Maybe the problem with your knee can only be fixed surgically. Most operating tables are only designed for patients weighing up to 120kg and depending on the location, your hospital may not have access to more appropriate equipment. In addition, many surgeons will decline to operate on patients in larger bodies until they lose weight, suggesting that the risk of complications is too great. However, a study analysing postoperative complications of almost 7000 surgeries found that2:
- There were very few significant differences in the rate of certain complications between obese and non-obese patients.
- In some types of surgery, the likelihood of complications occurring was actually lower in obese patients.
- There was also no difference in the mortality rate between obese and non-obese patients. In patients with a BMI greater than 35, the mortality rate was higher but only by 1%.
- Postoperative complications in obese patients were less frequent following more complex surgeries compared to more simple procedures – this is thought to be related to the level of monitoring provided during post-operative care.
If these facts weren’t concerning enough, a study published in 2001 looked into GP attitudes towards people in larger bodies3. The findings were heartbreaking.
Many of the doctors that participated in the study reported that they perceived patients in larger bodies to be more annoying than patients in smaller bodies and that seeing larger patients was a waste of their time.
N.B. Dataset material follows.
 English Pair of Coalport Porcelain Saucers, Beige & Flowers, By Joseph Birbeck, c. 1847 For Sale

Many also stated that they would enjoy their job less if their patients increased in size and that their patience diminished the heavier their patient was.
When thinking about why people in larger bodies may have poorer health outcomes than their smaller-bodied counterparts, we need to consider that it may be less to do with their body size and more to do with compromised medical care.
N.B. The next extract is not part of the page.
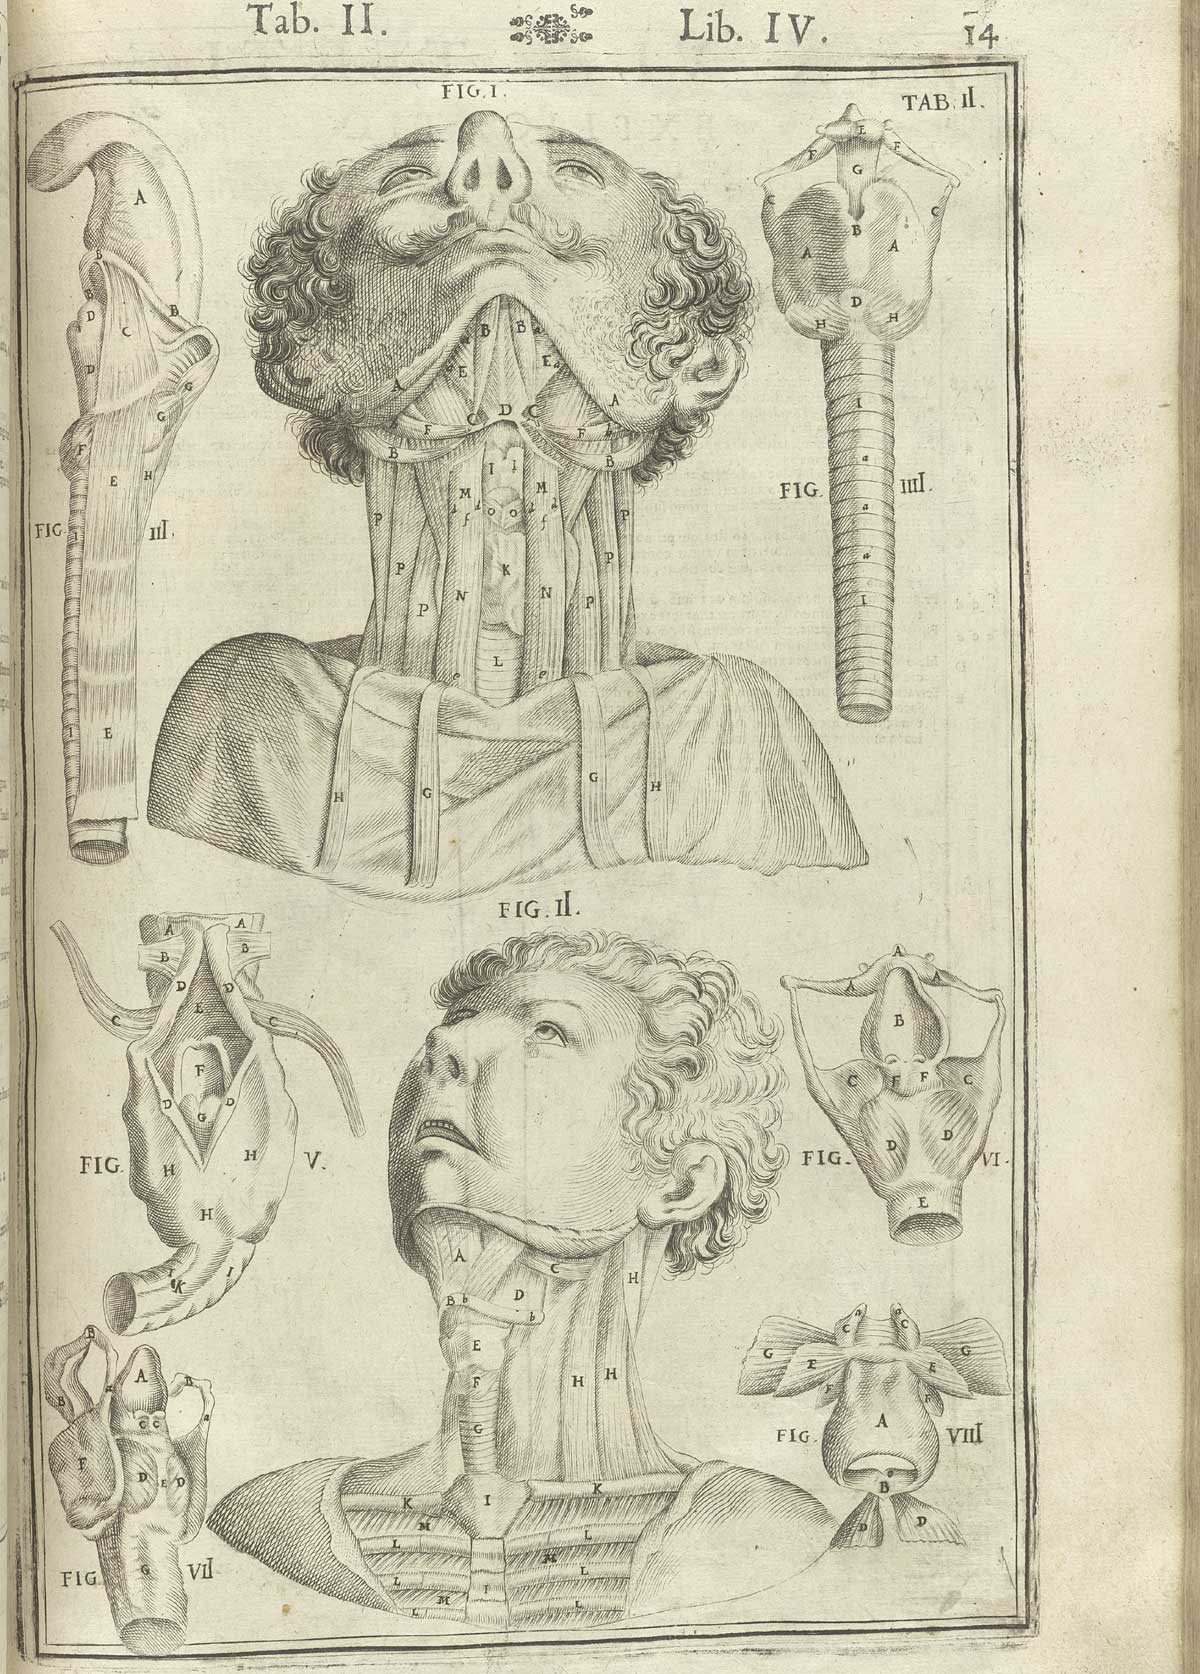 Engraving of two men with the inner structures of their necks exposed, one above the other, with separate details on the sides of the trachea from several different angles, from Adriaan van de Spiegel and Giulio Cassieri’s De humani corporis fabrica libri decem, Venice, 1627, NLM call no. WZ 250 S755dh 1627.

Fatphobia in the medical industry has the potential to lead to:
- Patients avoiding check-ups due to bias from their GP.
- Increased stress from shame and discrimination.
- Delayed diagnosis of illness due to failure to refer to further testing and/or inability to use diagnostic equipment.
- Medications and drug-based treatments being inappropriate for their weight.
- Refusal by surgeons to do life-changing surgery (for example, a knee replacement), which may cause difficulties with mobility and inability to exercise or access nutritious foods.
Data from the World Health Organisation estimates that around two-thirds of people in the Western world are classified as overweight or obese. This means that there’s a good chance that two-thirds of people are receiving sub-standard health care.
At Embody Health London, we make it a priority to do our part to counteract this by taking a weight-neutral approach to wellbeing. This means that we understand that weight is NOT a determinant of health. Instead of focusing on body size, we help our clients to become healthier by prioritising behaviours like nourishing their body with good nutrition, getting enough sleep and having an active lifestyle.
If you would like to learn more about our services email firstname.lastname@example.org and we will be thrilled to learn about your story and how we can support you!
Karli Battaglia MDiet, APD
EHL Team x
- Phelan S, Burgess D, Yeazel M, Hellerstedt W, Griffin J, van Ryn M. Impact of weight bias and stigma on quality of care and outcomes for patients with obesity. Obesity Reviews. 2015;16(4):319-326.
- Bamgbade O, Rutter T, Nafiu O, Dorje P. Postoperative Complications in Obese and Nonobese Patients. World Journal of Surgery. 2006;31(3):556-560.
- Hebl M, Xu J. Weighing the care: physicians’ reactions to the size of a patient. International Journal of Obesity. 2001;25(8):1246-1252.